Laszlo Galla

This is me, Laszlo Gunst, as a seven-year-old in 1924. I don't know what occasion this picture was taken for. It was taken in Szentes. It was a bit of a special occasion to go to the photographer's. A few people in our family already had a camera then, so it wasn't a world-shaking event. I've got a sailor suit on, and that was elegant in those days. I really hated that I had to grow my hair so long, because they teased me for it: long hair, short of brains. This was my mother's mania, but I later realized, that I somehow look like my little older sister, who died before I was born, and my mother probably saw some kind of replacement for her in me. I should have been a girl. I can’t think of any other reason, because the other boys didn't have hair like that.

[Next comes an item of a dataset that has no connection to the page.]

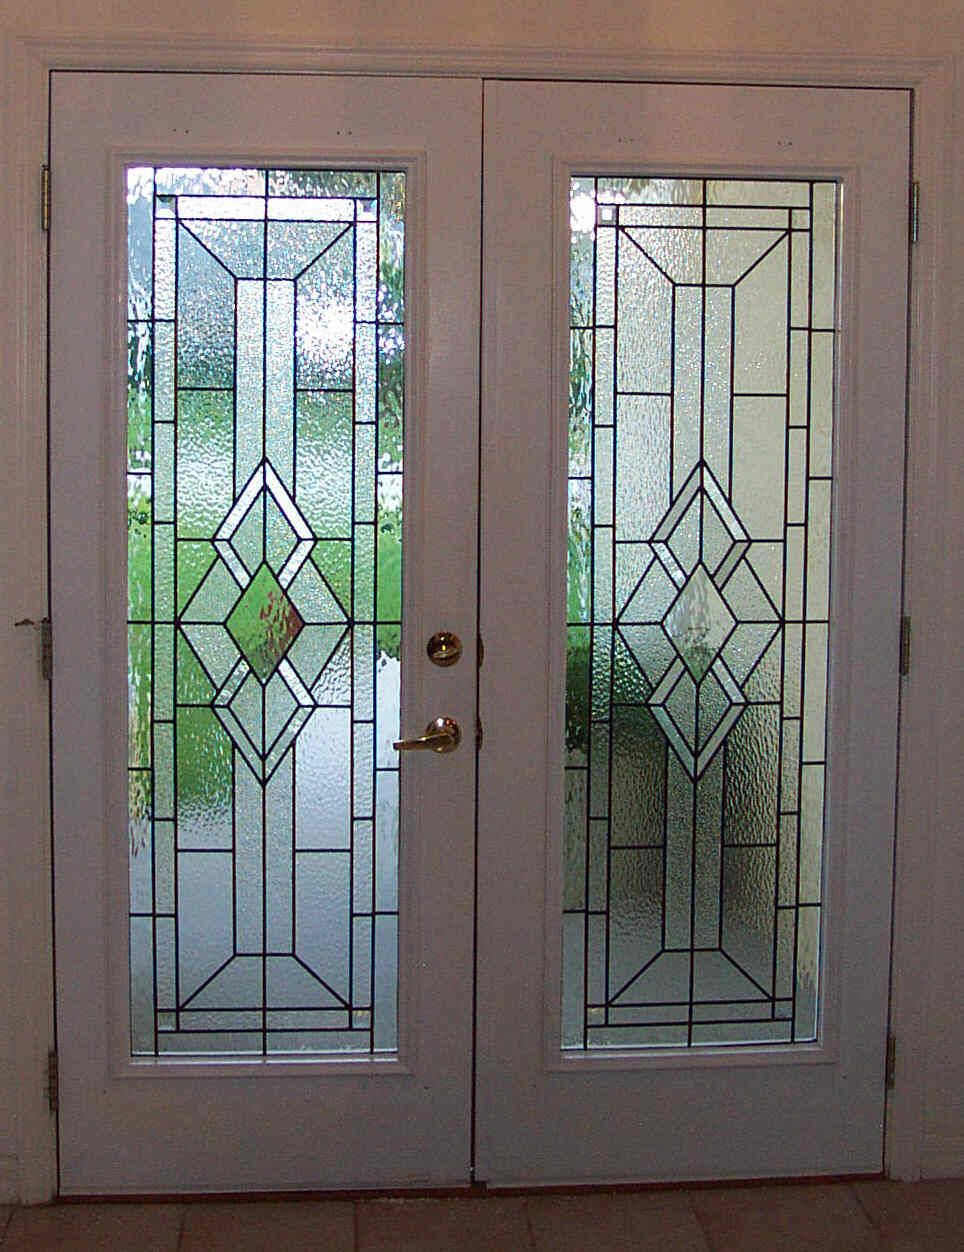 Custom Glass For Front Entry Doors Made By Designer Art Glass Daytona Beach Fl Stained Glass Door Glass Doors Interior Entry Doors With Glass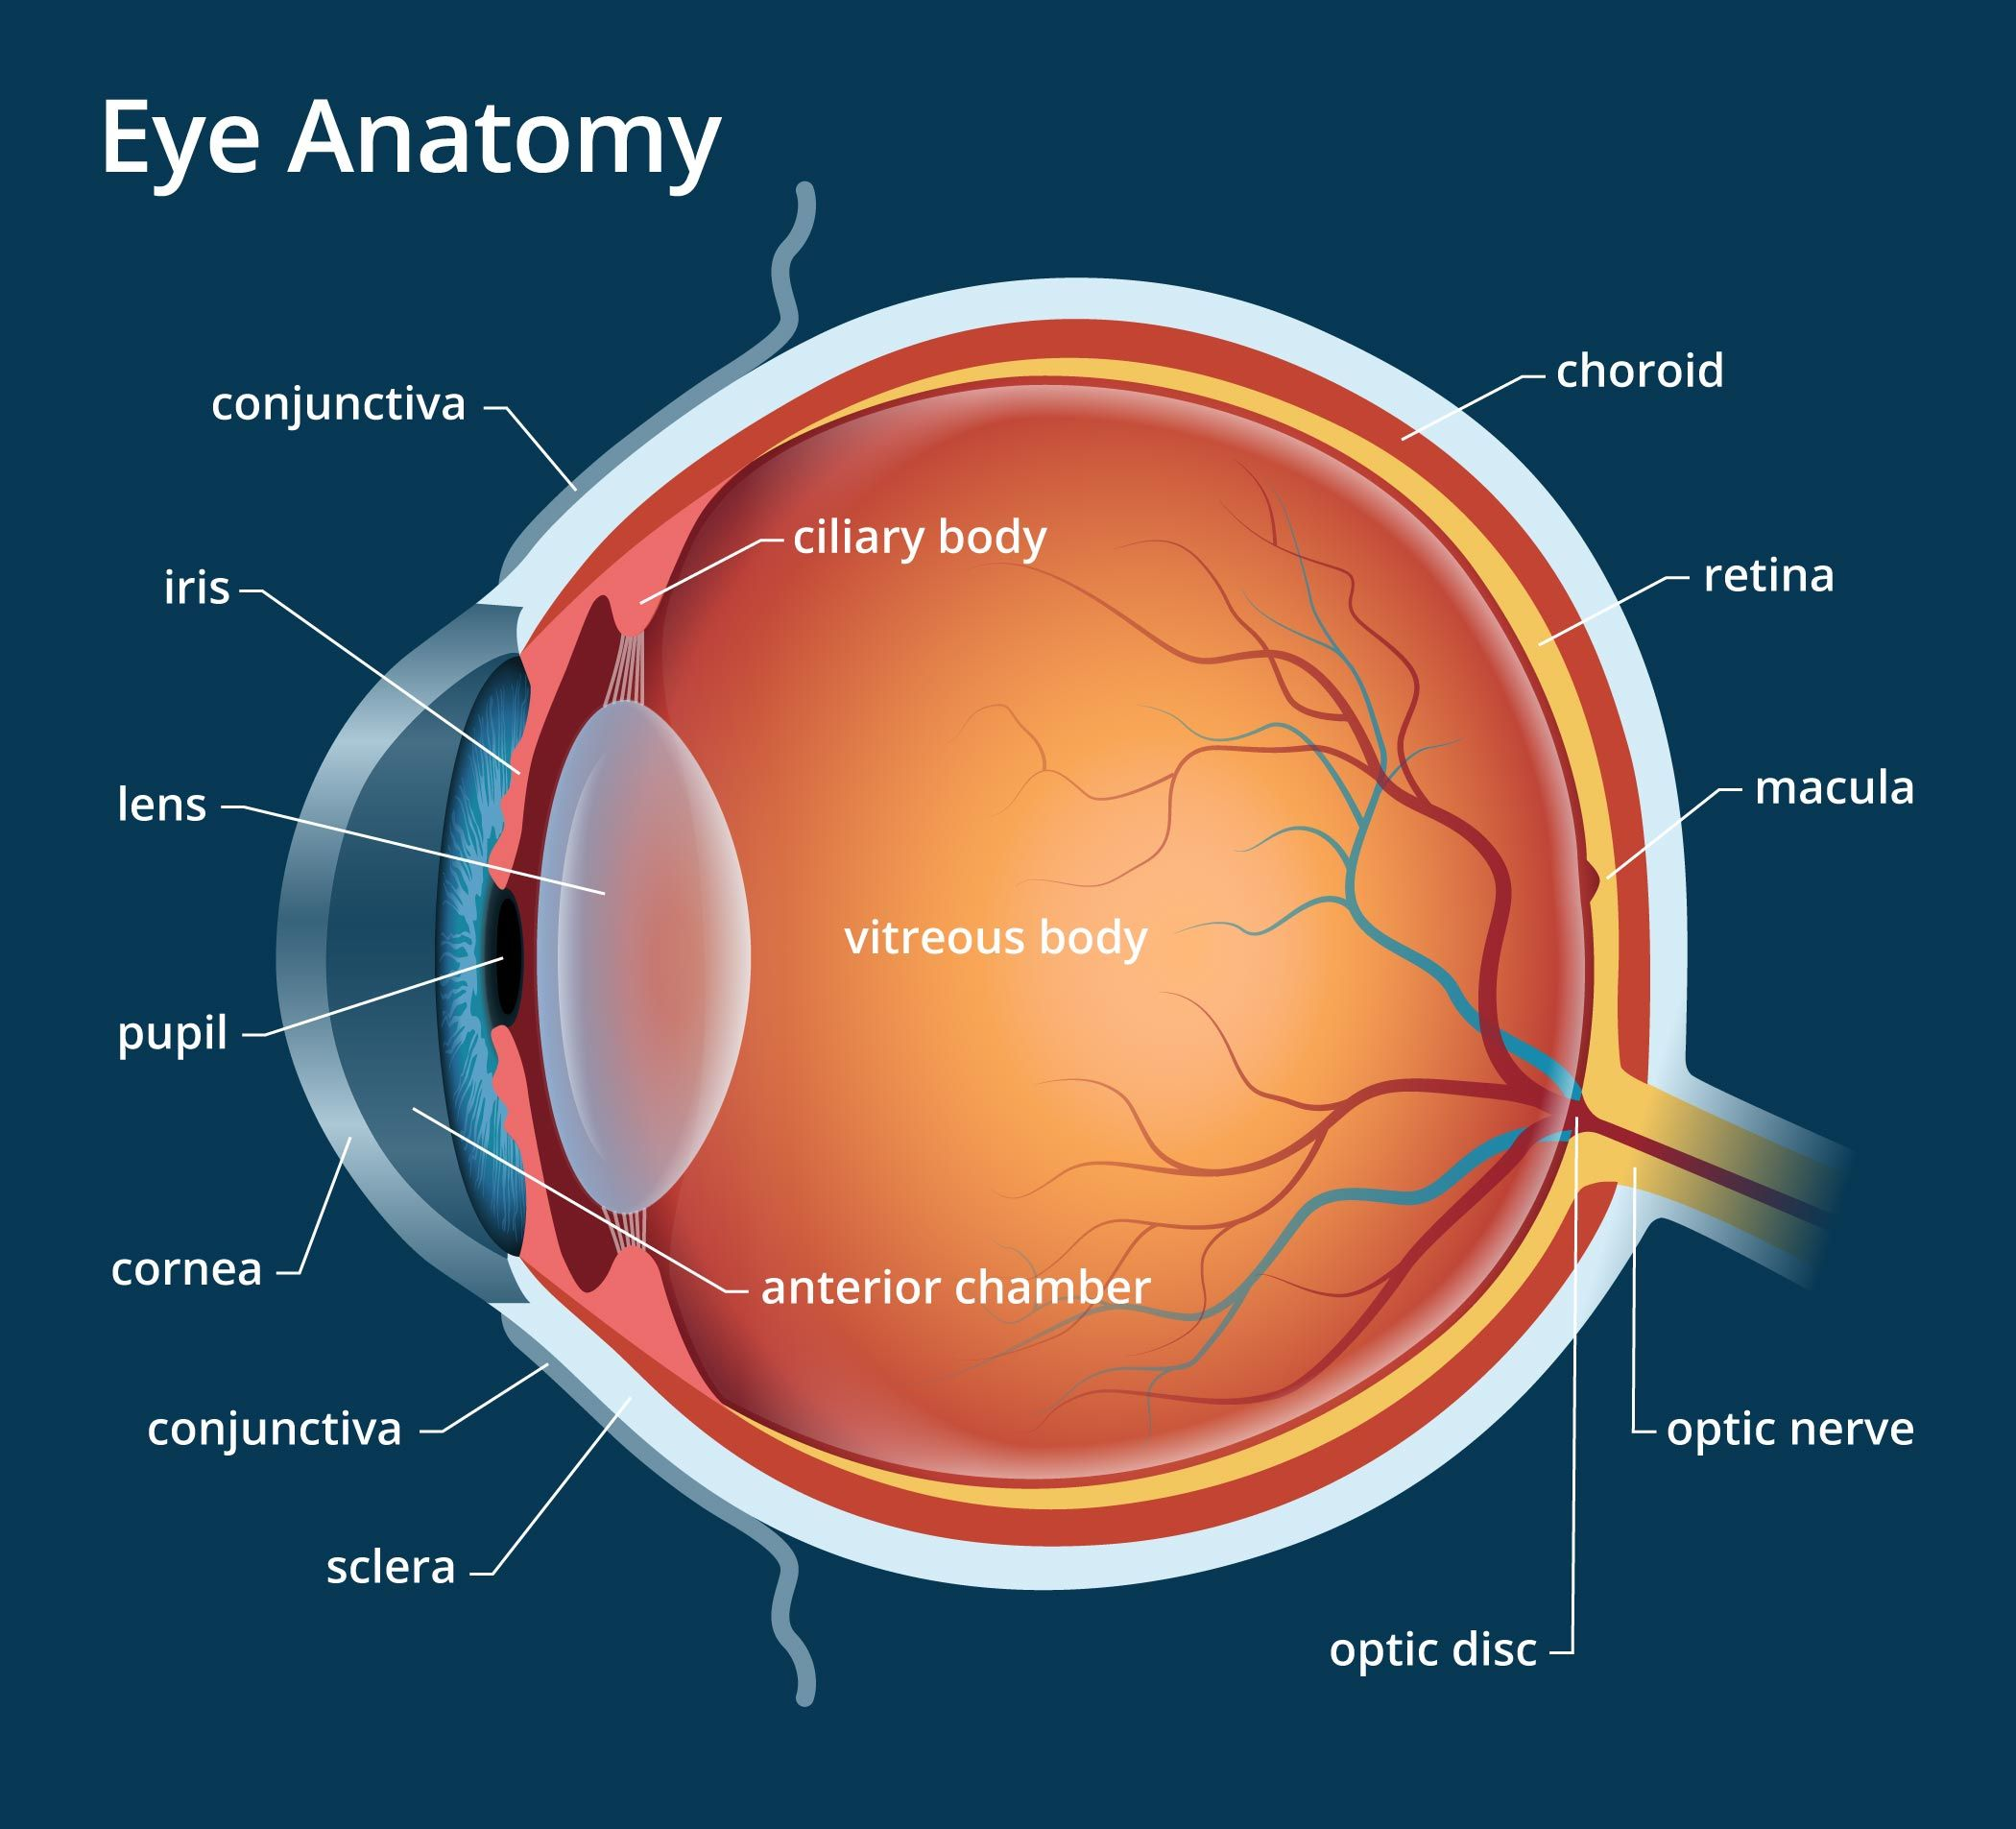 Human Eye Anatomy - Parts of the Eye Explained | Eye ...

I didn't go to nursery school, I was raised at home. There was a Jewish elementary school in Szentes, I went there for four years. The elementary school was four grades, and all four grades were taught in one room, there were so few children, there were about 30 students all together. The curriculum was the same as in the other schools. I know this because we could take part in city study competitions, and the good pupils of the Jewish school always did well.

We lived with my grandparents. The house was in the same building as the shop, a corner building. The shop and the warehouses were in the corner part of it, and the five-bedroom apartment was on the Petofi Street side. My grandparents brought up one of my cousins, my Aunt Regina's youngest child, and one of the five rooms was his, my parents had three rooms and my grandparents had a huge room right beside the shop. We lived like the bourgeois, I would say. We had nice furniture and paintings on the wall. The paintings and the furniture all disappeared in 1944. I remember that we had paintings by Jozsef Koszta. I got my own room when Gyuri left home at the age of 19-20. He eventually became a doctor, and because of the numerus clausus he was only able to finish his training in Italy. Until that time I didn't have my own room, I slept in one room with my parents.